__What to do__. Exact reproduction is required for the lines below starting at the line with "CONVERSE ALL STAR" and ending at the line with "LOP - Intenso 10ml-0mg/ml", both included. No other lines, and no pictures.

__Data for processing__.
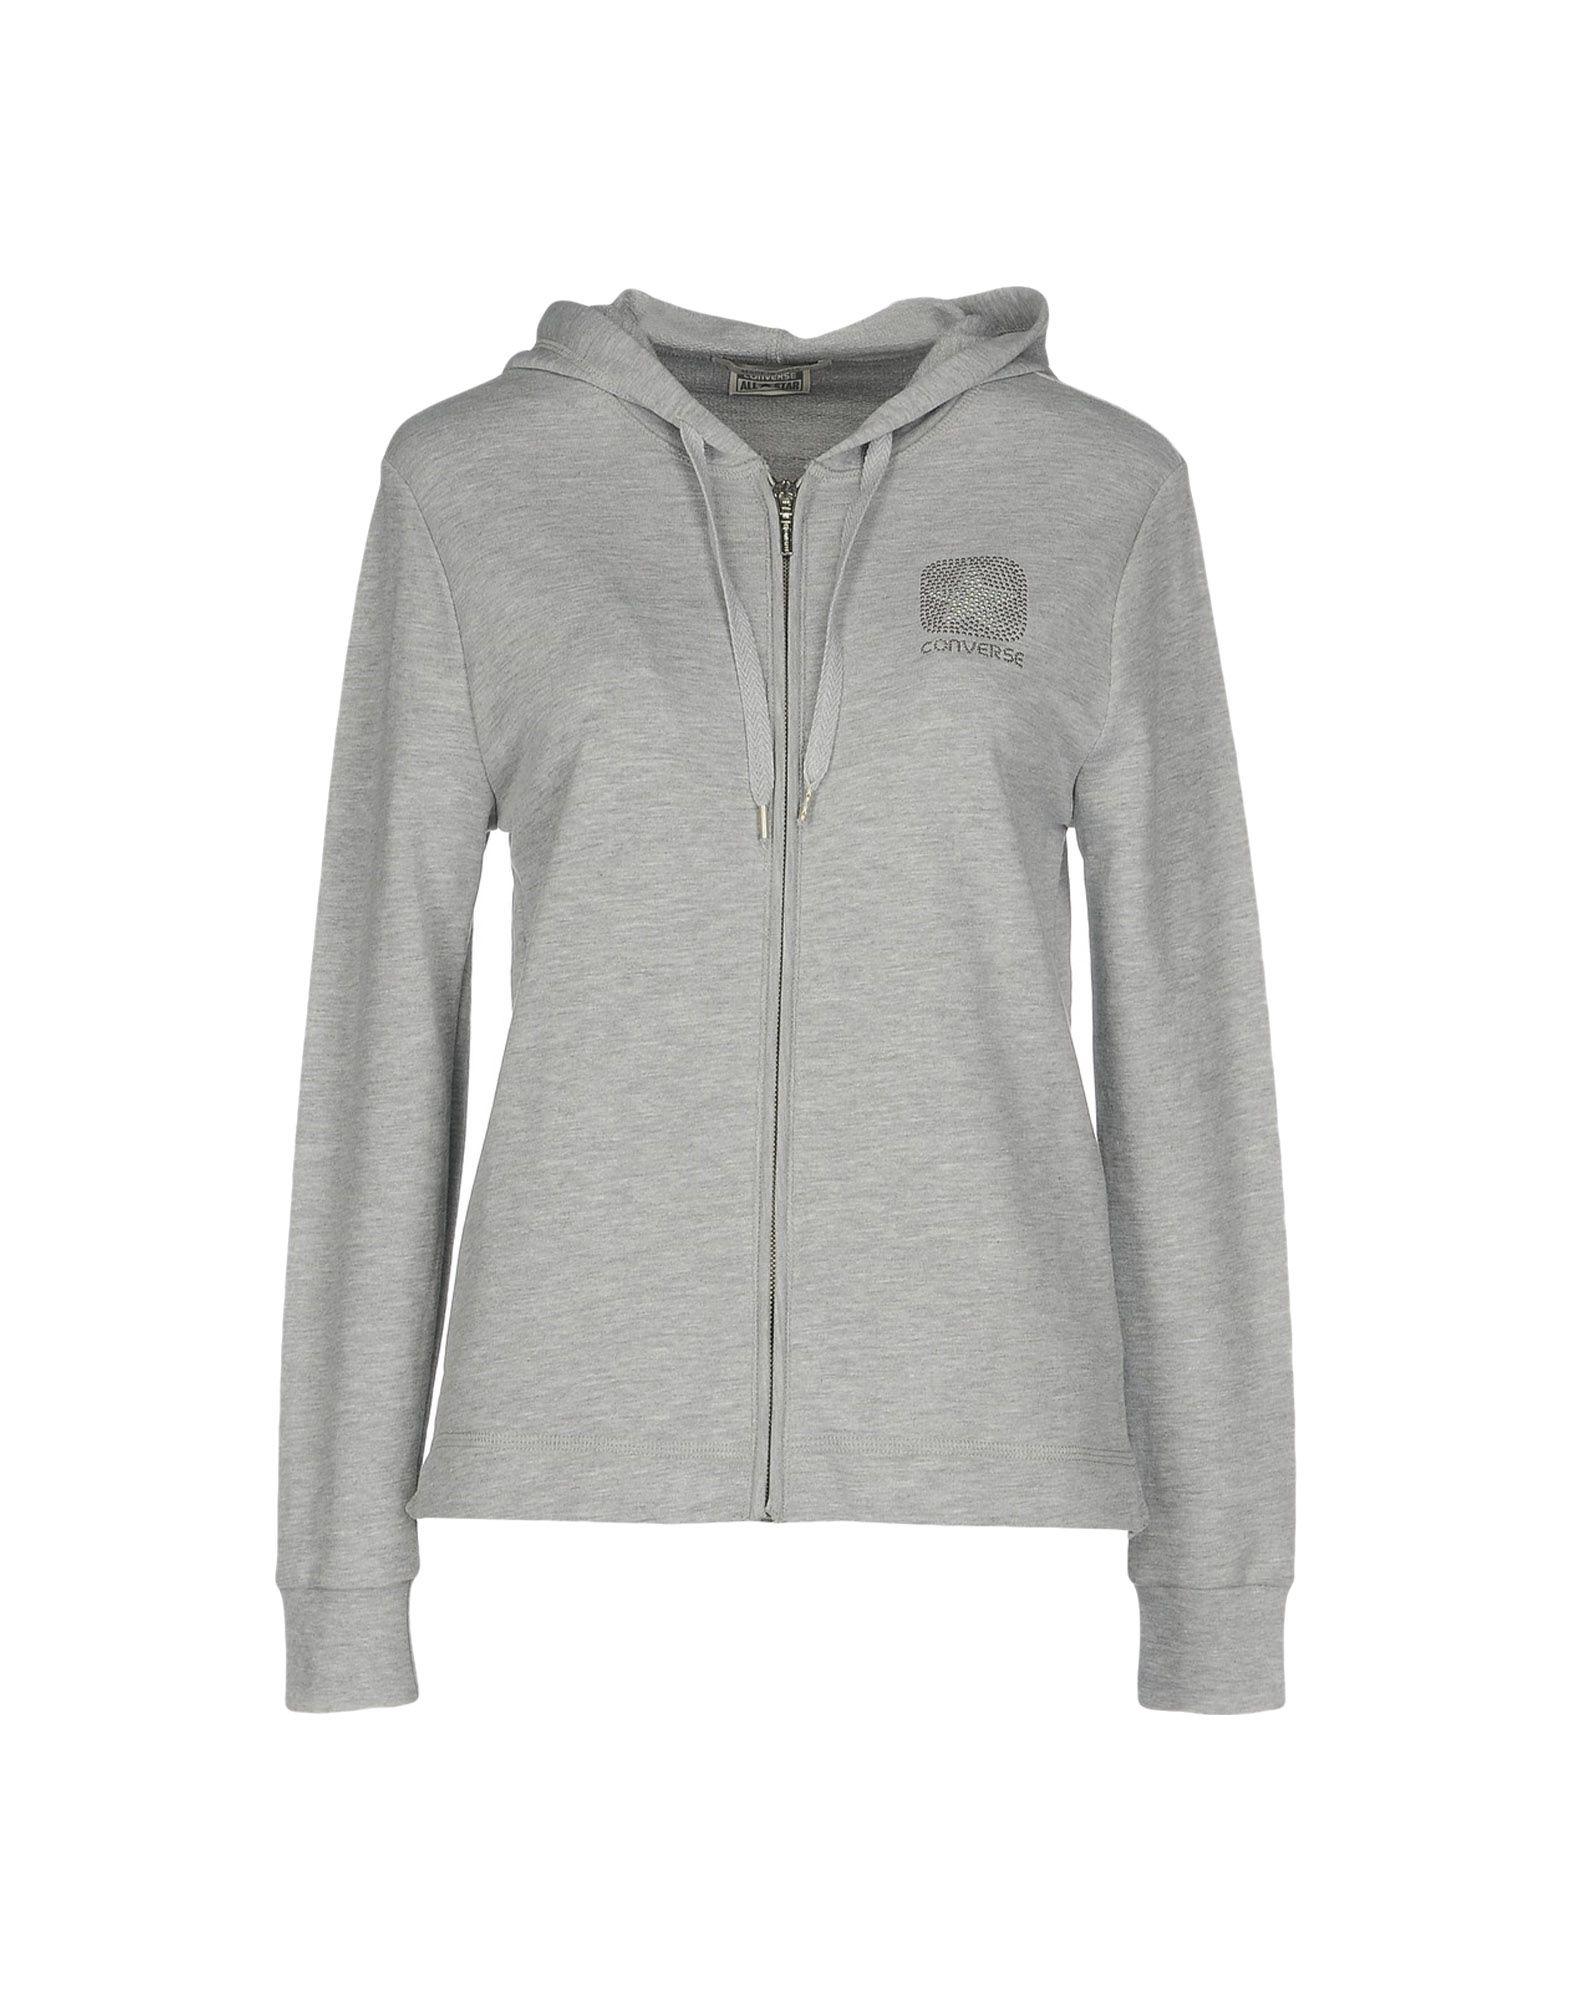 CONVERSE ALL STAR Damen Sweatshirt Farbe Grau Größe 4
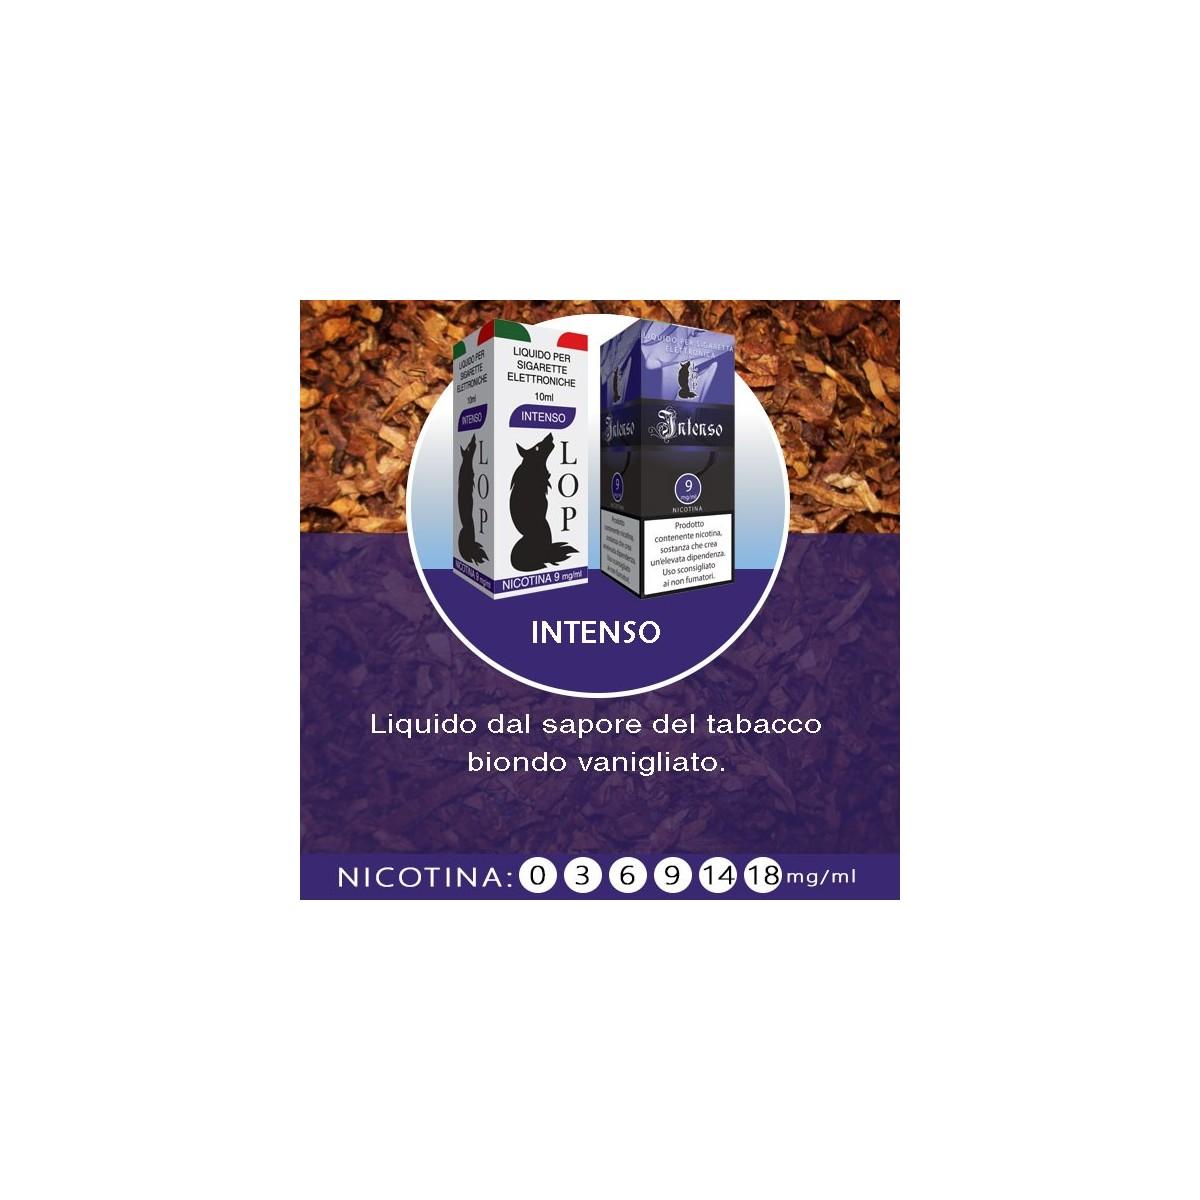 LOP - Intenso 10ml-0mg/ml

==

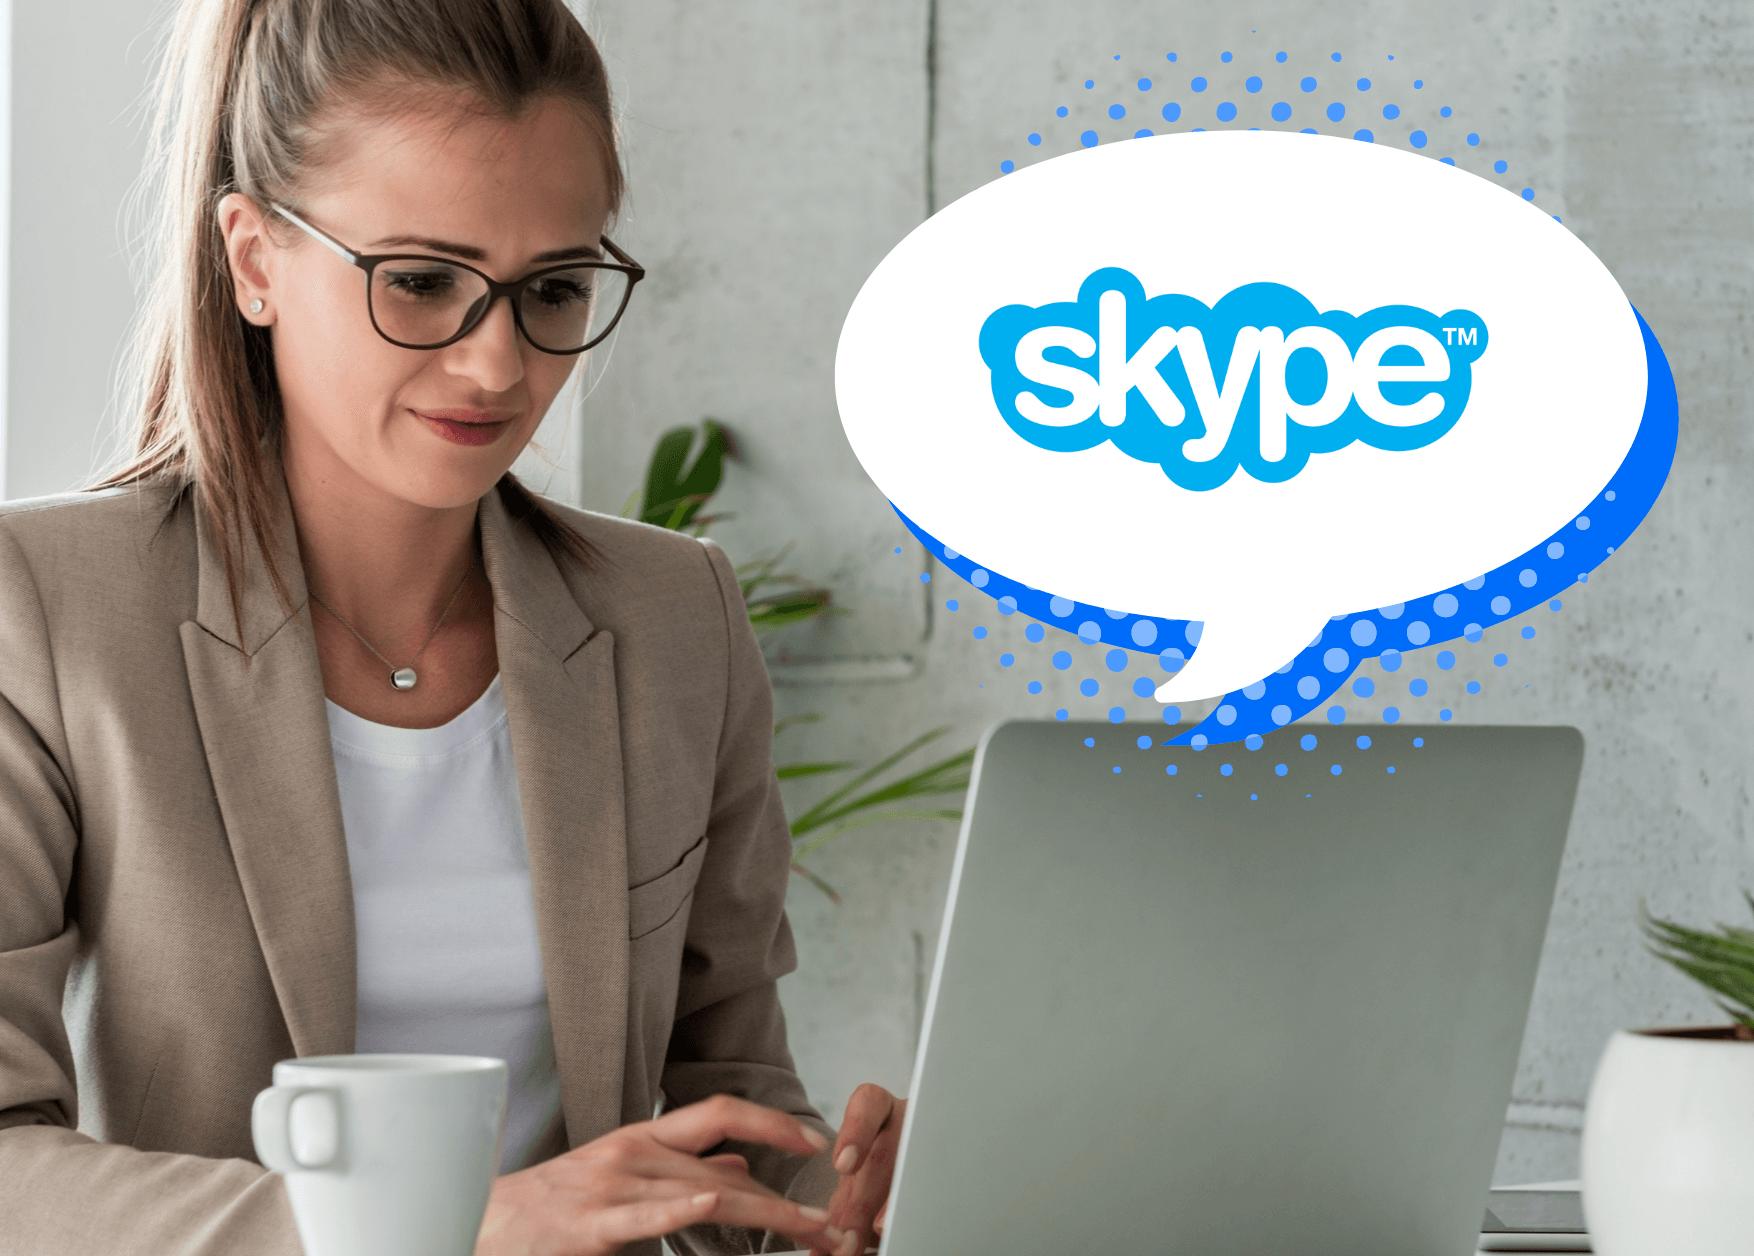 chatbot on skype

* * *

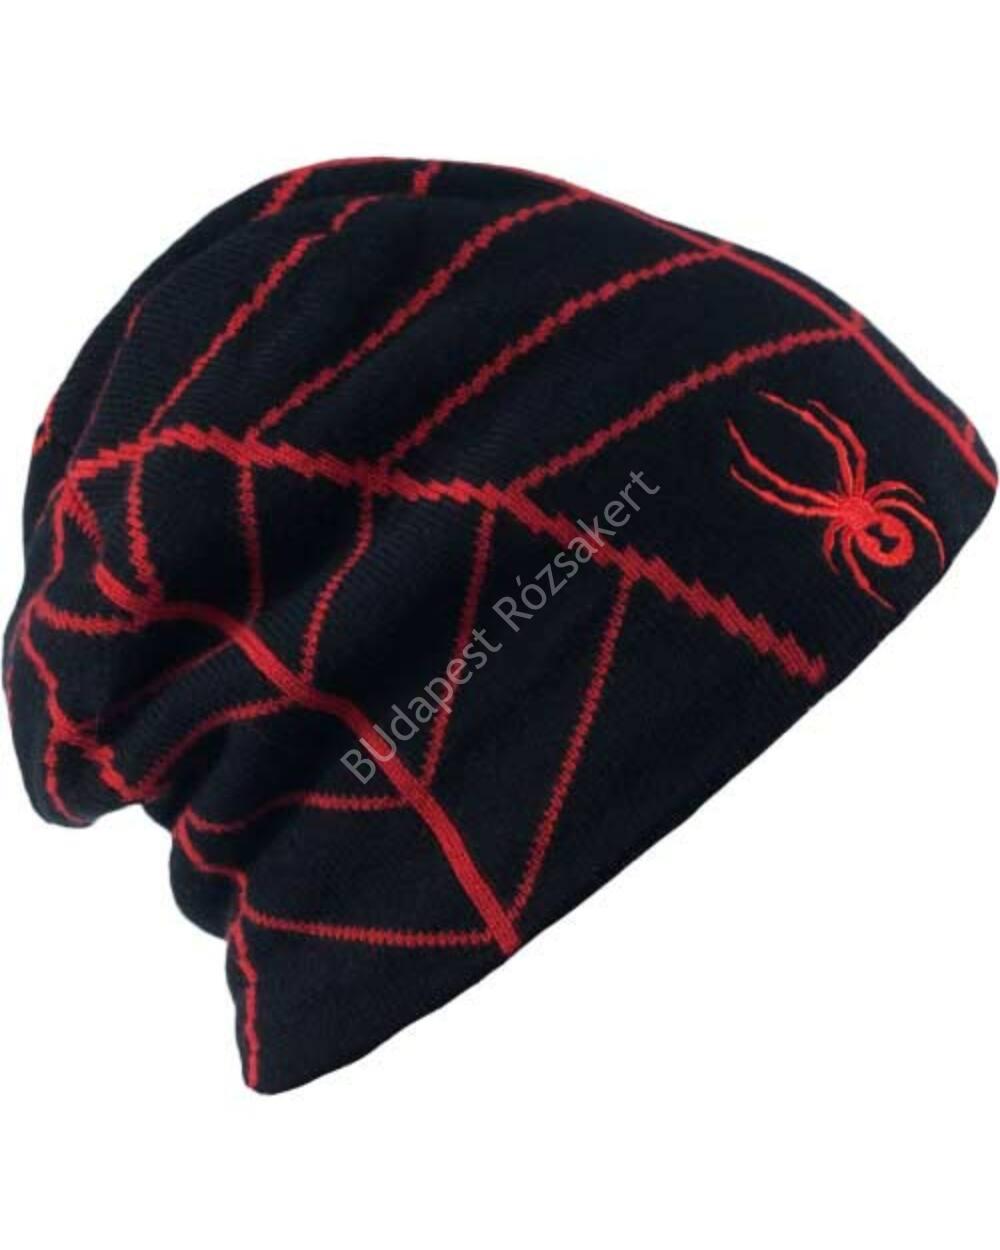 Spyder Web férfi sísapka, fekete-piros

__Written solution__.
 CONVERSE ALL STAR Damen Sweatshirt Farbe Grau Größe 4
 LOP - Intenso 10ml-0mg/ml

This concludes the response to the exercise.